Berkshire also said quarterly net income rose 17% to $14.07 billion, or $8,608 per Class A share, from $12.01 billion, or $7,301 per Class A share, a year earlier, reflecting higher unrealized gains on Berkshire’s investments.
A U.S. accounting rule requires Berkshire to report such gains with earnings. That rule adds volatility to Berkshire’s net results, and Buffett says it can mislead investors.
The U.S. economy’s annualized growth rate slowed to 2.1% in the second quarter from 3.1% in the first quarter, as an acceleration in consumer spending was partially offset by declining exports, manufacturing and business investment, reflecting the trade war between the United States and China.
Buffett told CNBC in May that a U.S.-China trade war would be “bad for the whole world,” and a full-scale trade war would be “bad for everything Berkshire owns.”
Berkshire ended June with $122.4 billion of cash and equivalents, reflecting Buffett’s 3-1/2-year drought in finding big acquisitions since buying Precision Castparts.
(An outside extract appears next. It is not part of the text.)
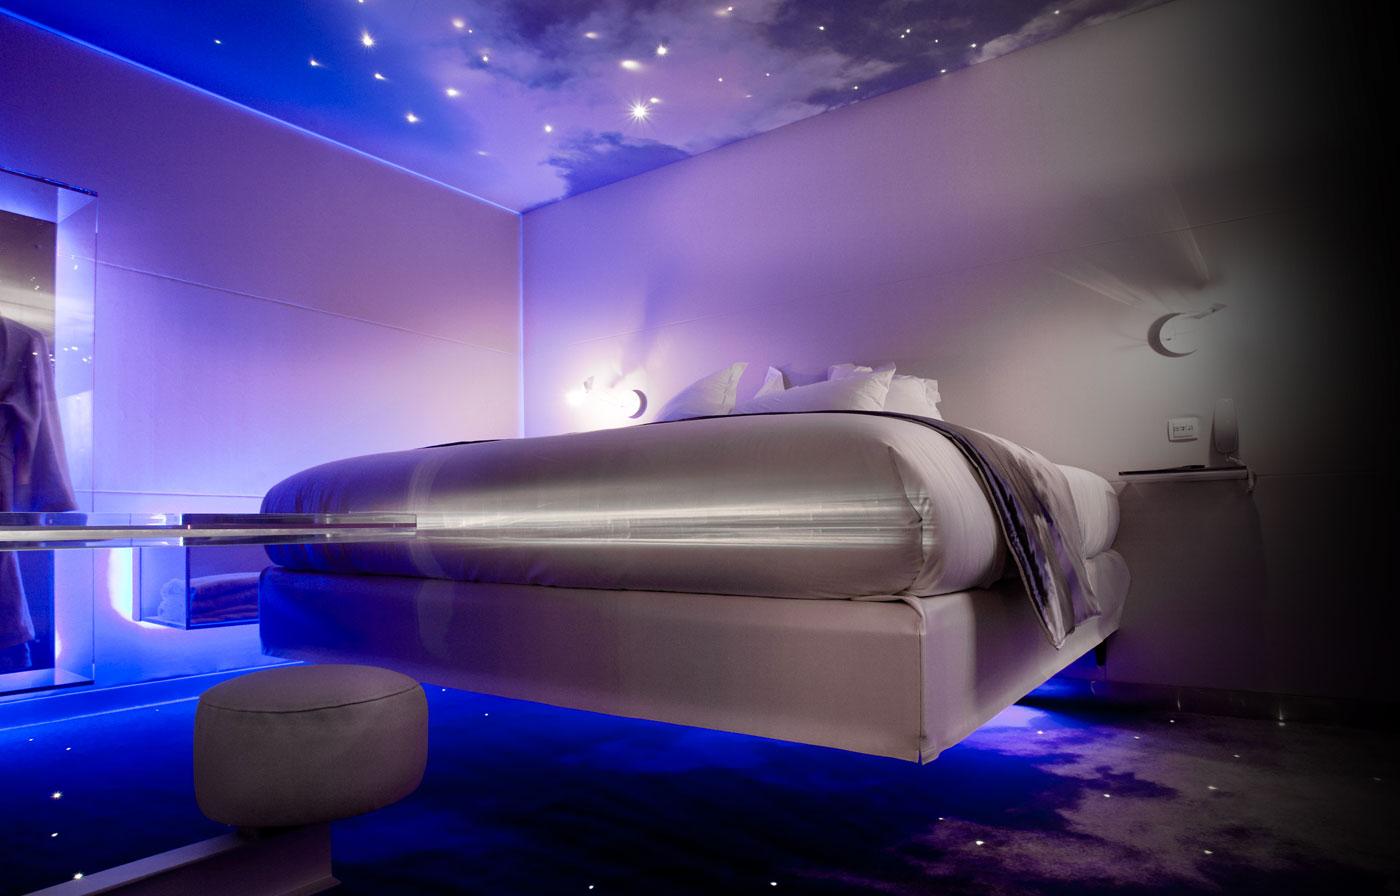 Arredare in stile futuristico idee originali per una casa 2 0 - Illuminazione camera da letto led ...

He has instead invested elsewhere, building a $50.5 billion stake in iPhone maker Apple Inc and committing $10 billion in April to help Occidental Petroleum Corp buy rival Anardako Petroleum Corp. Berkshire has also bought back $2.1 billion of its stock this year.
The Omaha, Nebraska-based conglomerate operates more than 90 businesses that also include Dairy Queen ice cream, Fruit of the Loom underwear, and its namesake energy company and real estate brokerage.
It also owns dozens of stocks, including Bank of America Corp, Wells Fargo & Co and Coca-Cola Co.
Class A shares of Berkshire closed Friday at $306,000, about 9% below their peak last October. Class B shares closed at $202.67, closer to 10% below their peak.
Insurance underwriting profit dropped 63% to $353 million, with declines in several businesses.
Geico’s pre-tax underwriting gain fell 42%, as a higher ratio of loss claims to premiums earned more than offset growth in policies written.
Underwriting at Berkshire’s reinsurance, property/casualty and commercial insurance units also weakened, reflecting higher claims payouts, changes in the expected timing of future payouts, and currency fluctuations, among other factors.
Berkshire was nonetheless able to boost float, or insurance premiums collected before claims are paid and which help fund growth, by another $1 billion in the quarter, to $125 billion.
BNSF’s profit rose 2% to $1.34 billion, while revenue was essentially unchanged.
Profit was also flat in Berkshire’s manufacturing, services and retailing businesses, totaling $2.49 billion.
While Berkshire said more people flew NetJets corporate jets, “soft consumer demand” weighed on sales at home furnishings businesses, which include Nebraska Furniture Mart.
Berkshire Hathaway Energy saw profit rise 4%.